_Exercise_. Please transcribe the listing that follows exactly; images are to be excluded.

_Information provided_.
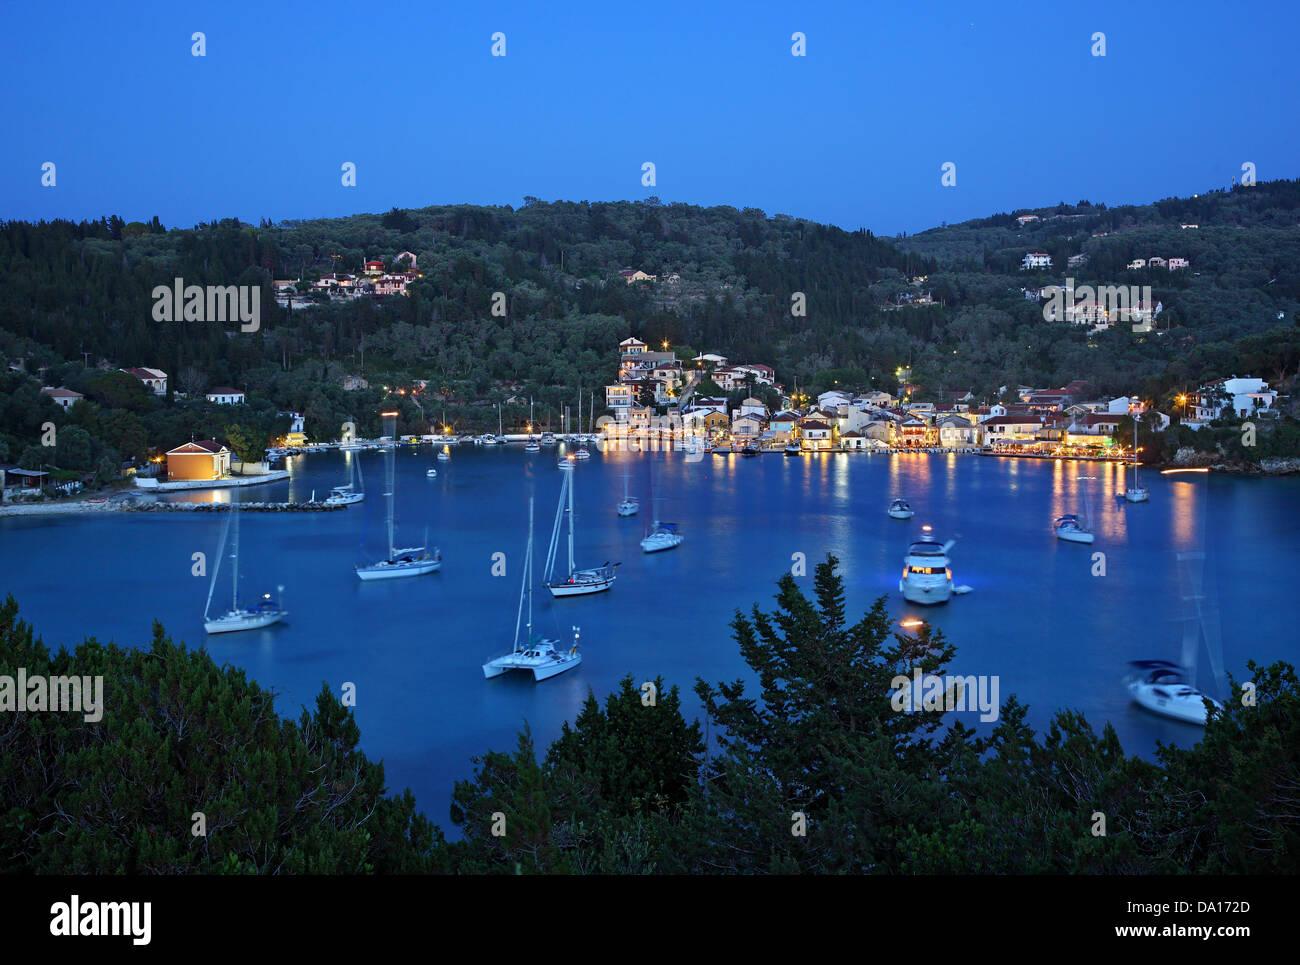 Night view of Lakka bay and village, Paxos island, Ionian Sea, Eptanisa ('Seven Islands'), Greece. - Stock Image
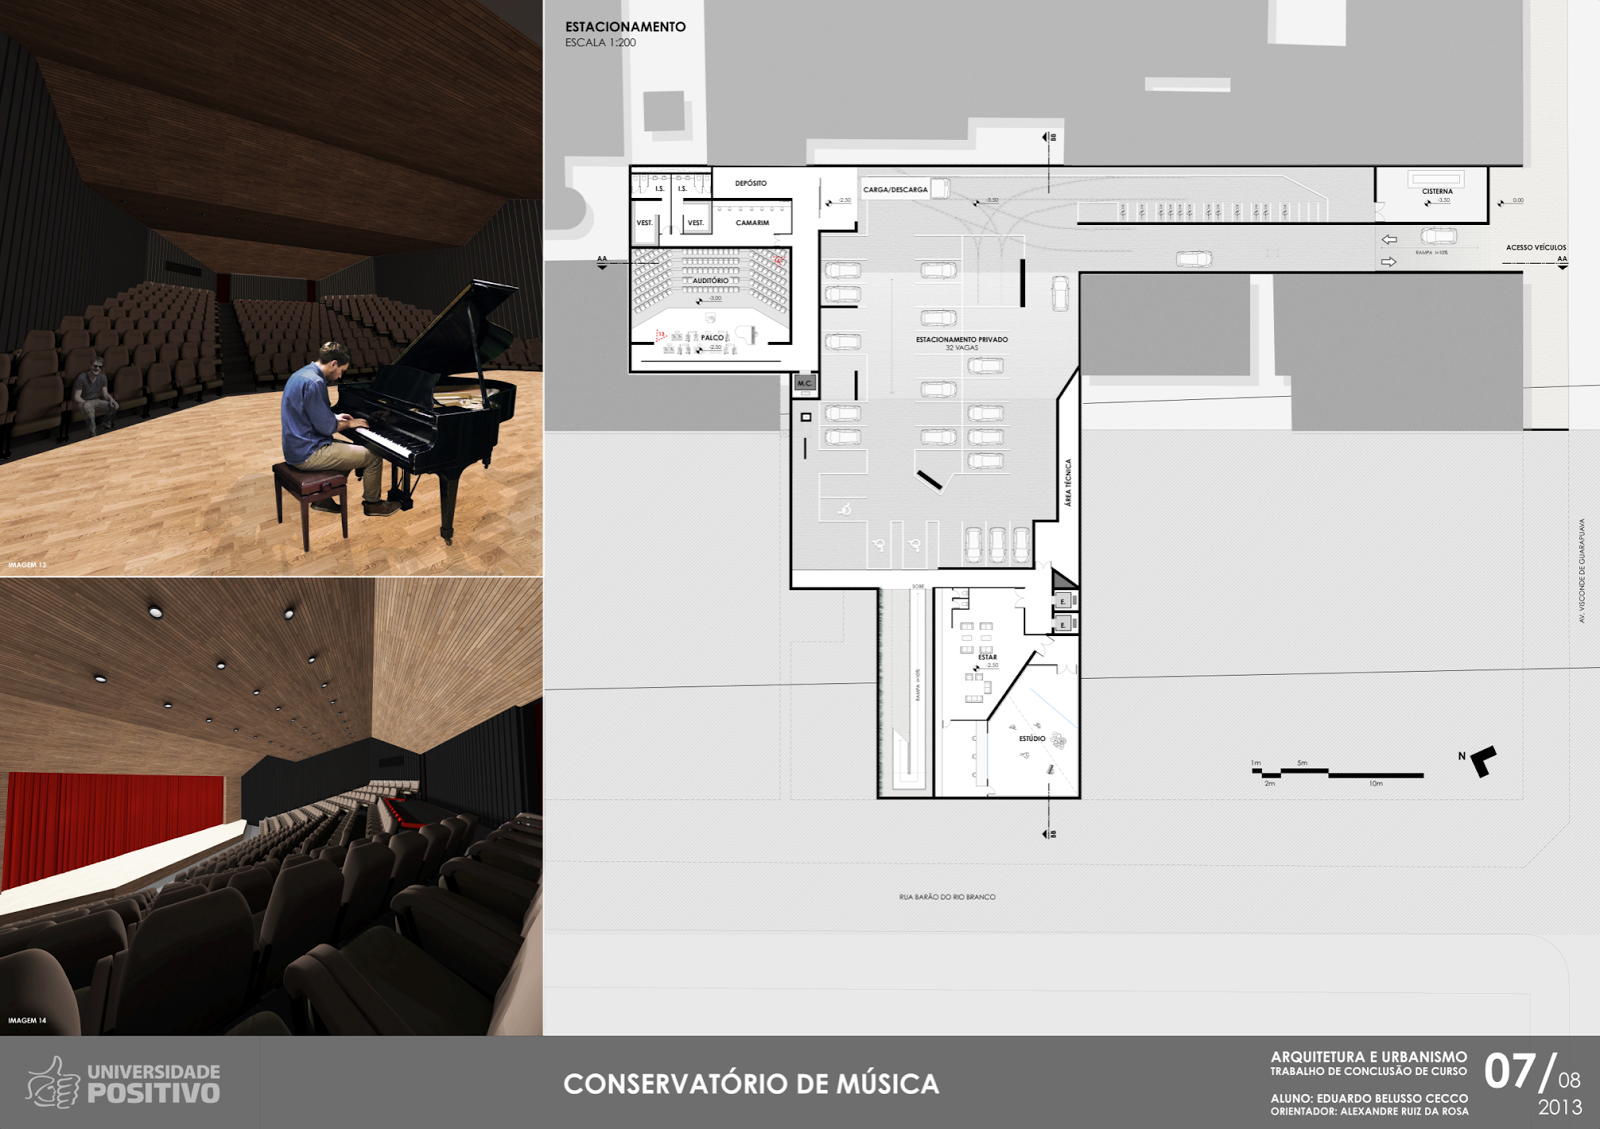 Portf lio de tcc conservat rio de m sica for Conservatorio de musica
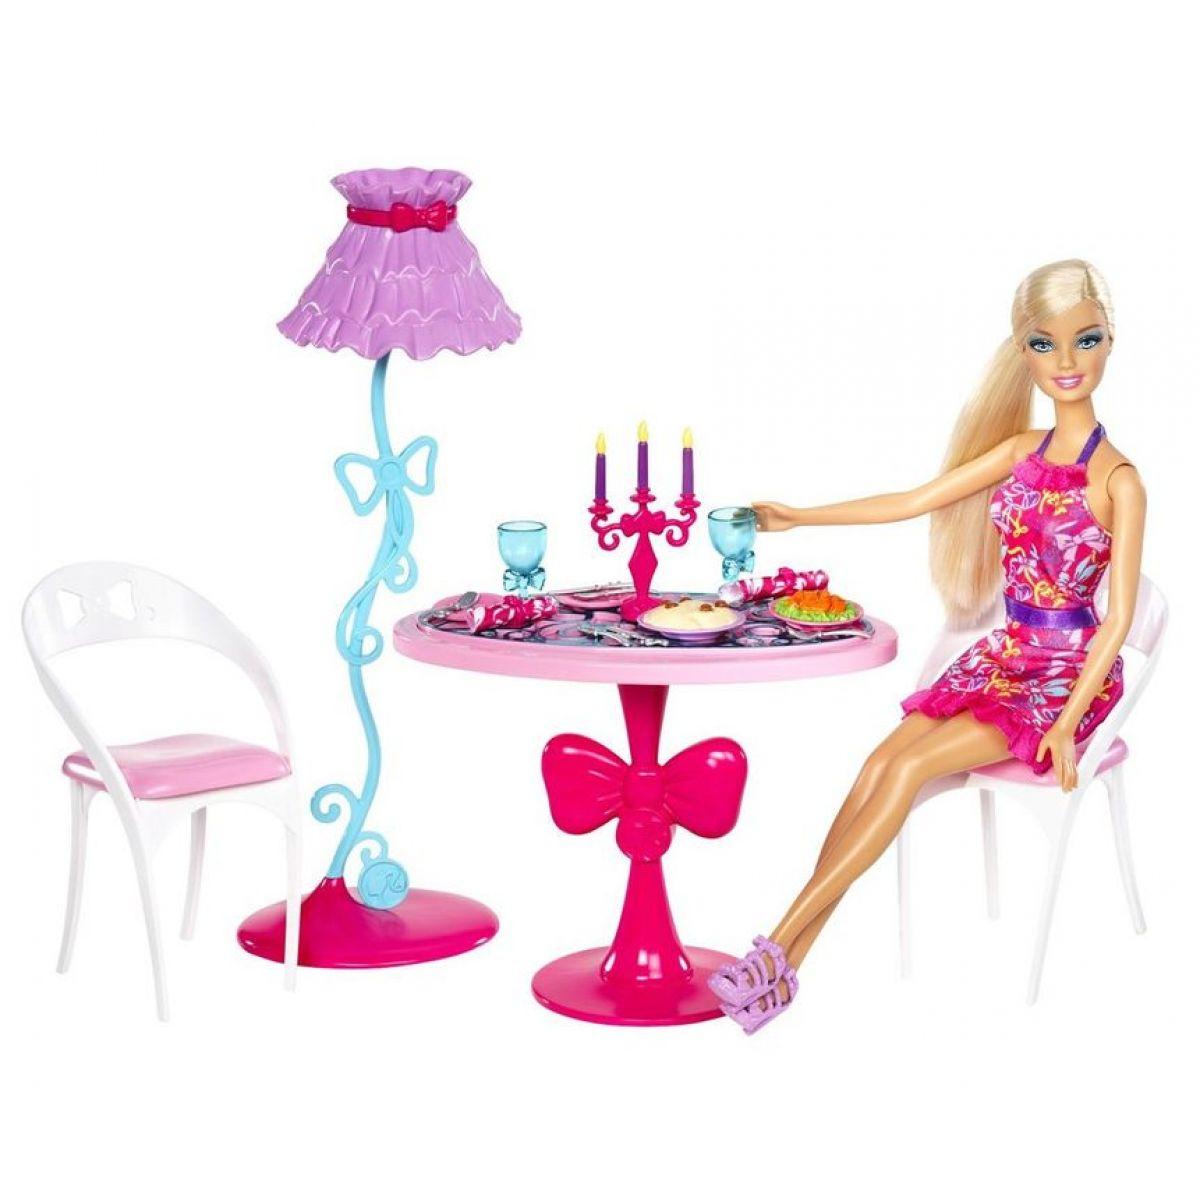 Barbie Panenka a nábytek - Jídelní stůl
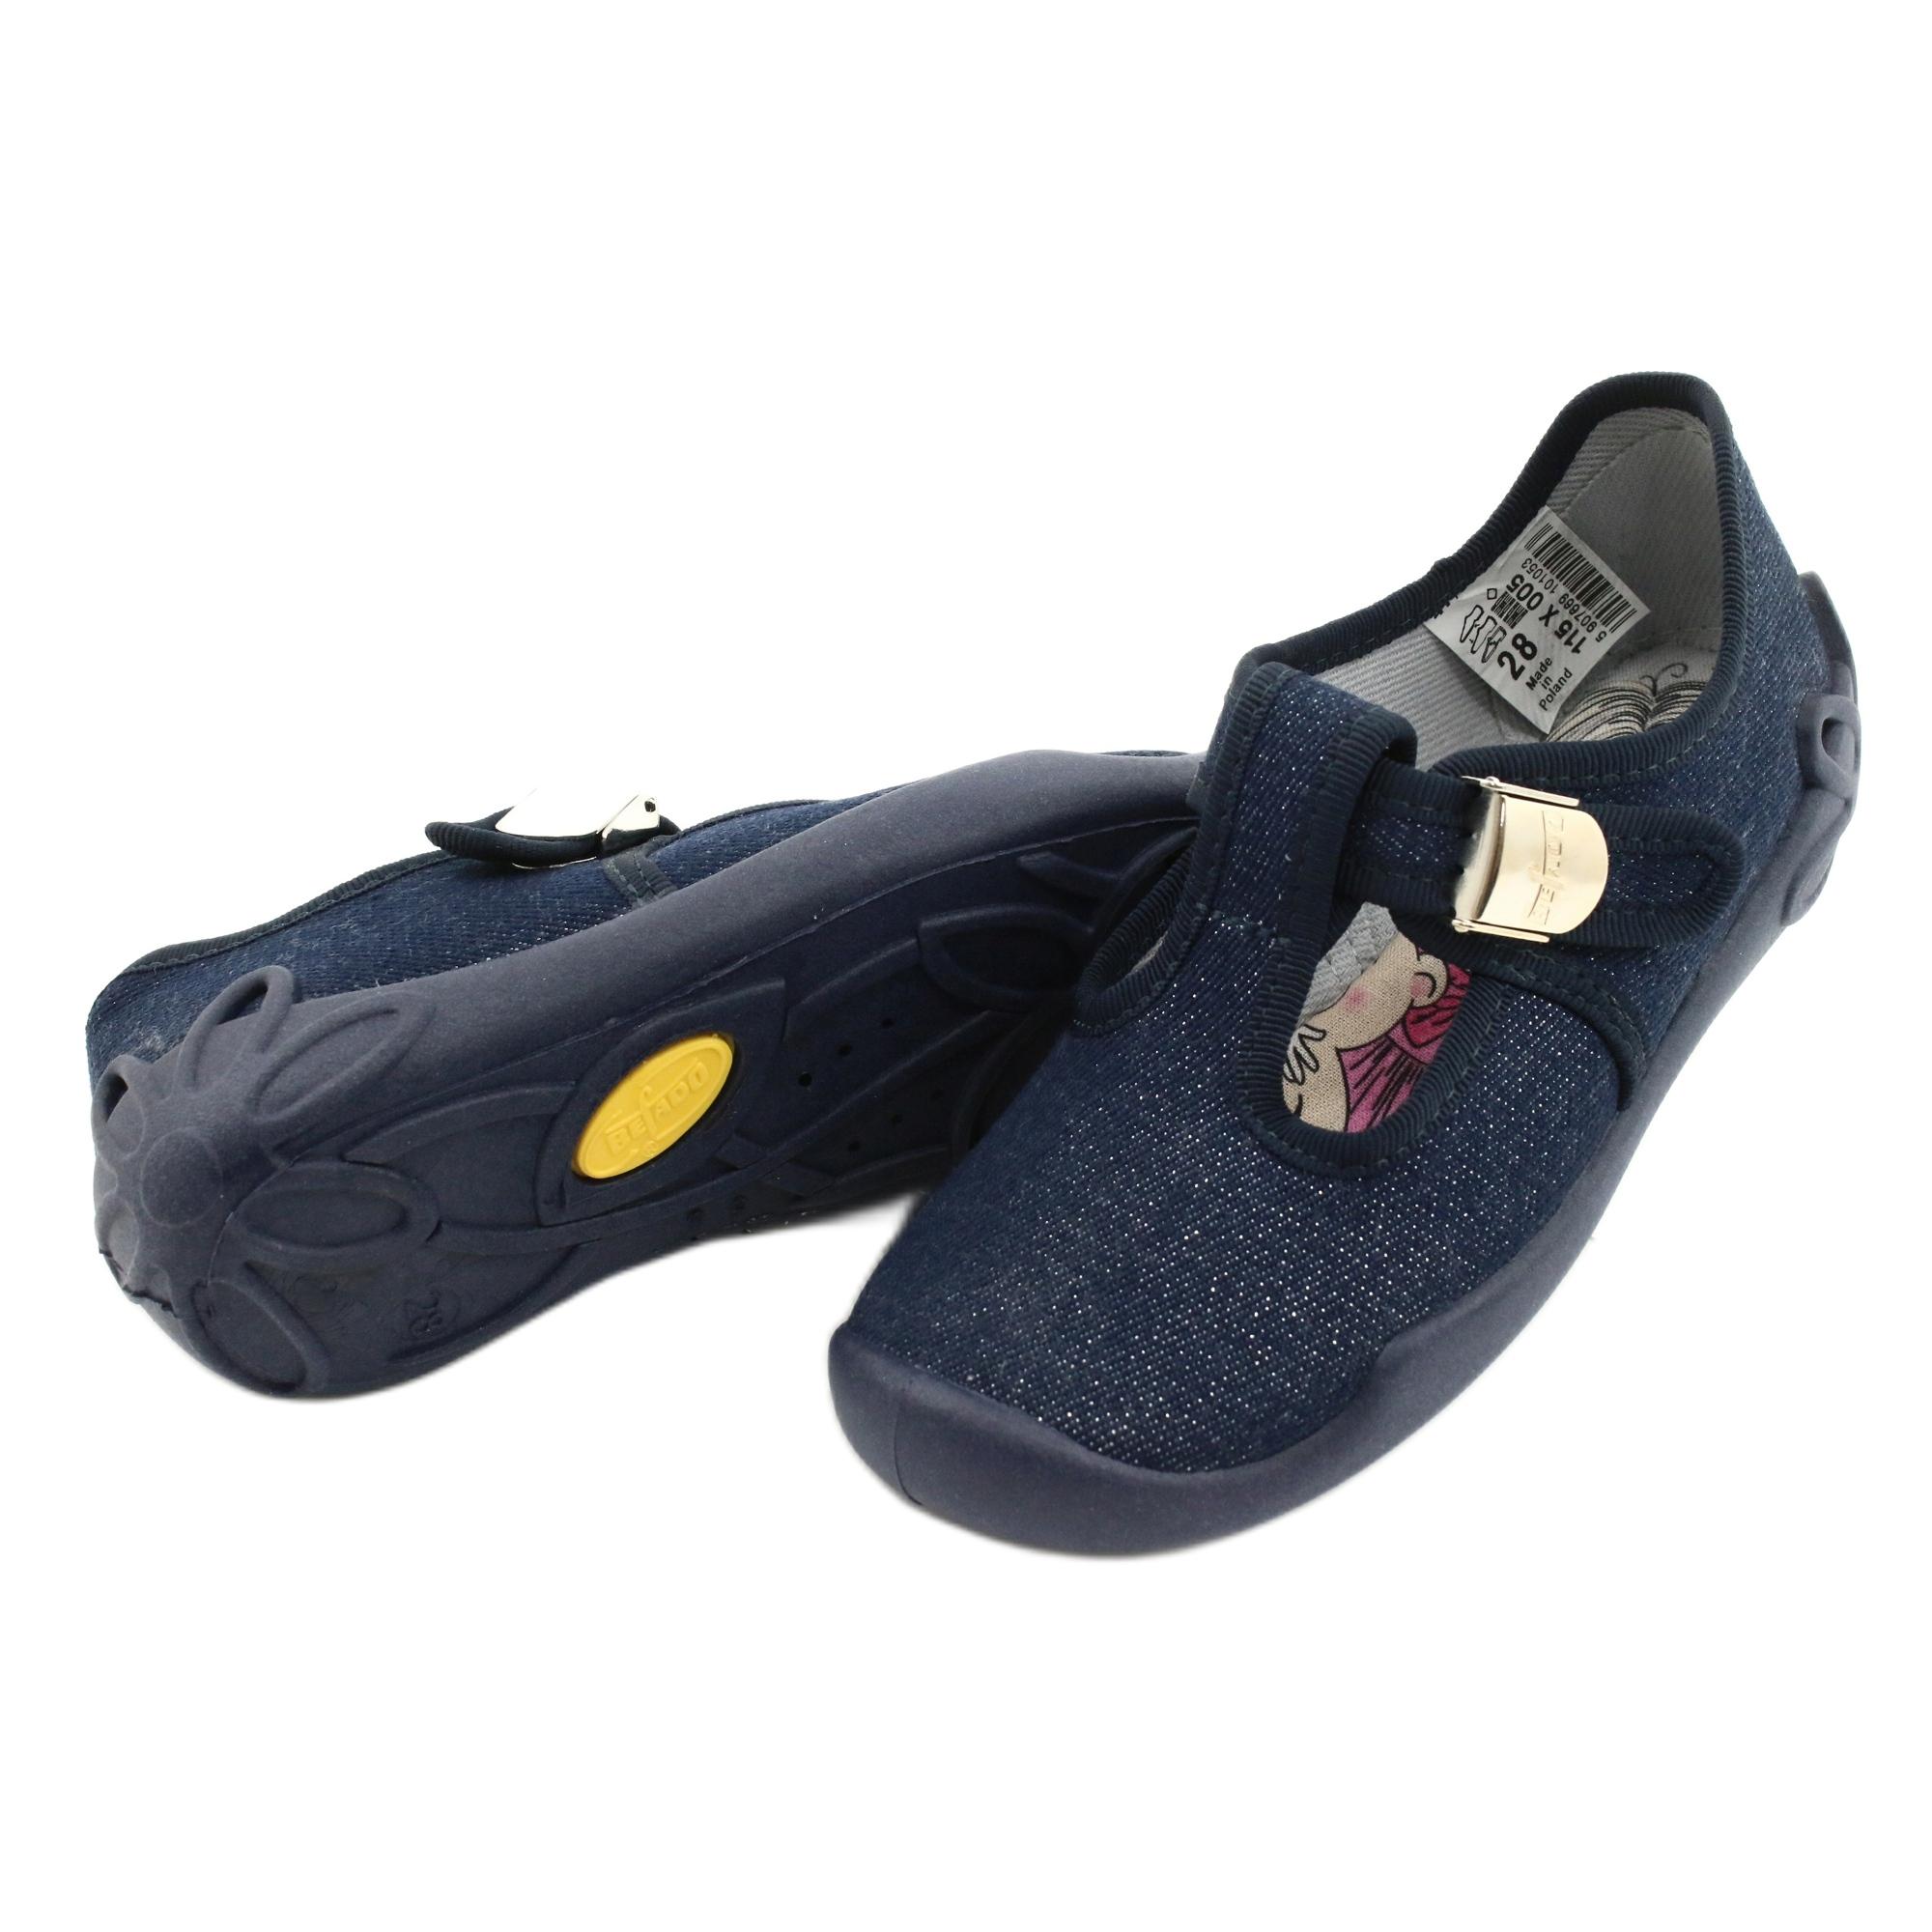 miniatura 6 - Scarpe per bambini Befado in bianco blu navy

_Reply_.
 Night view of Lakka bay and village, Paxos island, Ionian Sea, Eptanisa ('Seven Islands'), Greece. - Stock Image
 Portf lio de tcc conservat rio de m sica for Conservatorio de musica
 Barbie Panenka a nábytek - Jídelní stůl
 miniatura 6 - Scarpe per bambini Befado in bianco blu navy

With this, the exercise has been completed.